New Delhi:  The second phase of odd-even road rationing scheme in Delhi - meant to lower the city's lethal pollution levels -- is about to end. But meanwhile, the Jindal-run Timarpur-Okhla waste to energy plant has allegedly been belching out pollution equal to 350,000 cars every day .

The plant burns nearly 2,000 tonnes of unsegregated waste from three hospitals to create just 16 MW of electricity.  

Locals who have filed lawsuits against it say they have been suffering from ill health since it started operation in 2012. Even the Fortis Escorts and the Holy Family Hospital - which send their wastes to this plant - have complained to the Prime Minister's office in 2014 about the emissions.

The fumes contain cancer causing substances like Sox, Nox and Cadmium, found studies conducted by non-profit Toxic Watch. In March, the Central Pollution Control Board conducted a study which said the plant's particulate matter readings and emissions were within permissible limits. But a study initiated by National Green Tribunal last year showed the level of noxious elements apart from those two to be 20 times the permissible limit.

In 2013, the plant had received a showcause notice by the Delhi Pollution Control Committee.

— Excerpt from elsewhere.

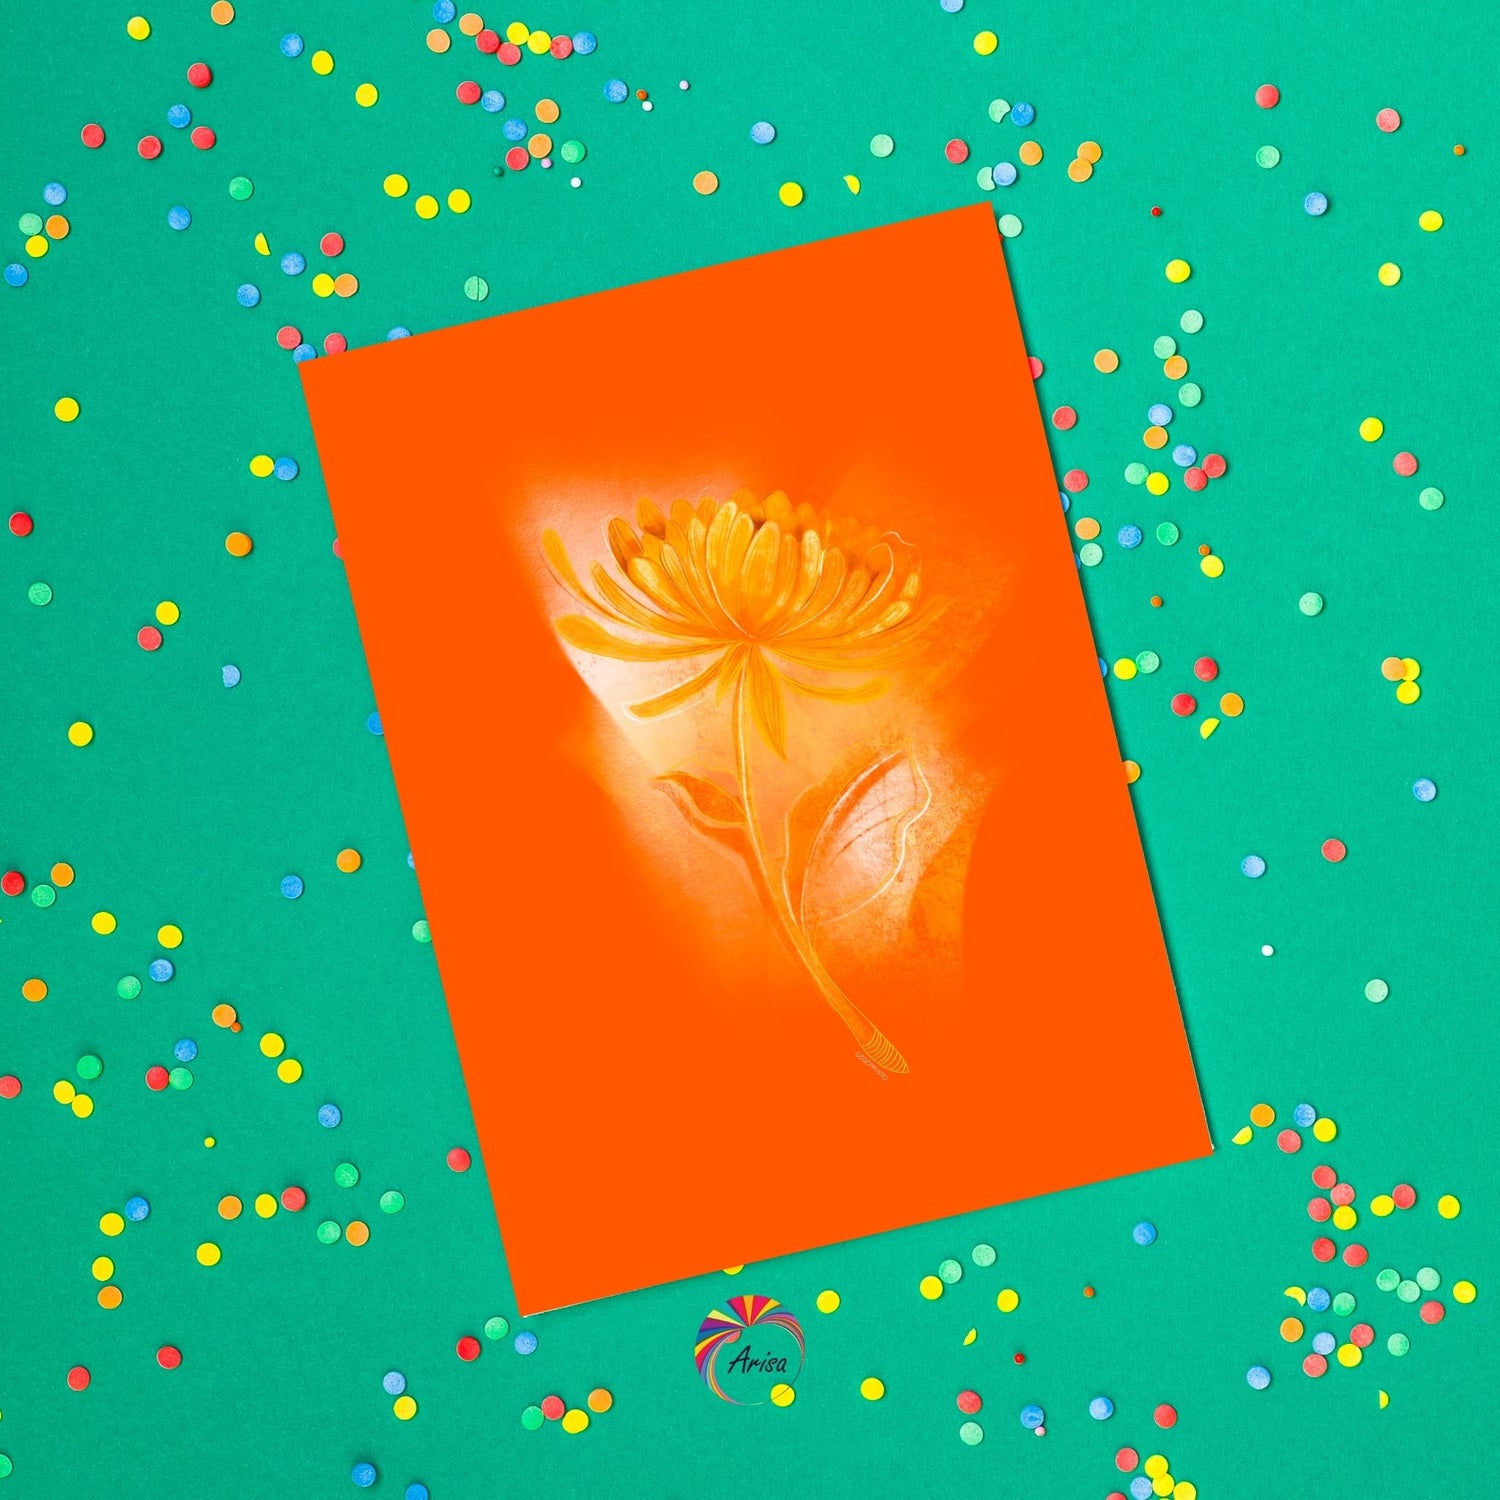 "Chrysanthemum" Greeting Card by ArisaTeam in a funfetti background ideal as a birthday card.

And as the legal tangles mounted, the operation has continued, say locals.

In a statement, the authorities of the plant said they received DPCC's permission to operate a month ago and are allowed to continue till December 2016. But they have been asked to lower emission levels.

Ranjit, an environmental writer and the resident of nearby Sukhdev Vihar, said legally, such a plant cannot be located so close to residential areas.

According to the municipal solid wastes rule passed in 2000, such plants must be located near or on a landfill site. But this one not only stands 6.5 km away from the Okhla landfill site, it also violates the Wildlife Act by being built on a green belt next to the Okhla bird sanctuary, he said.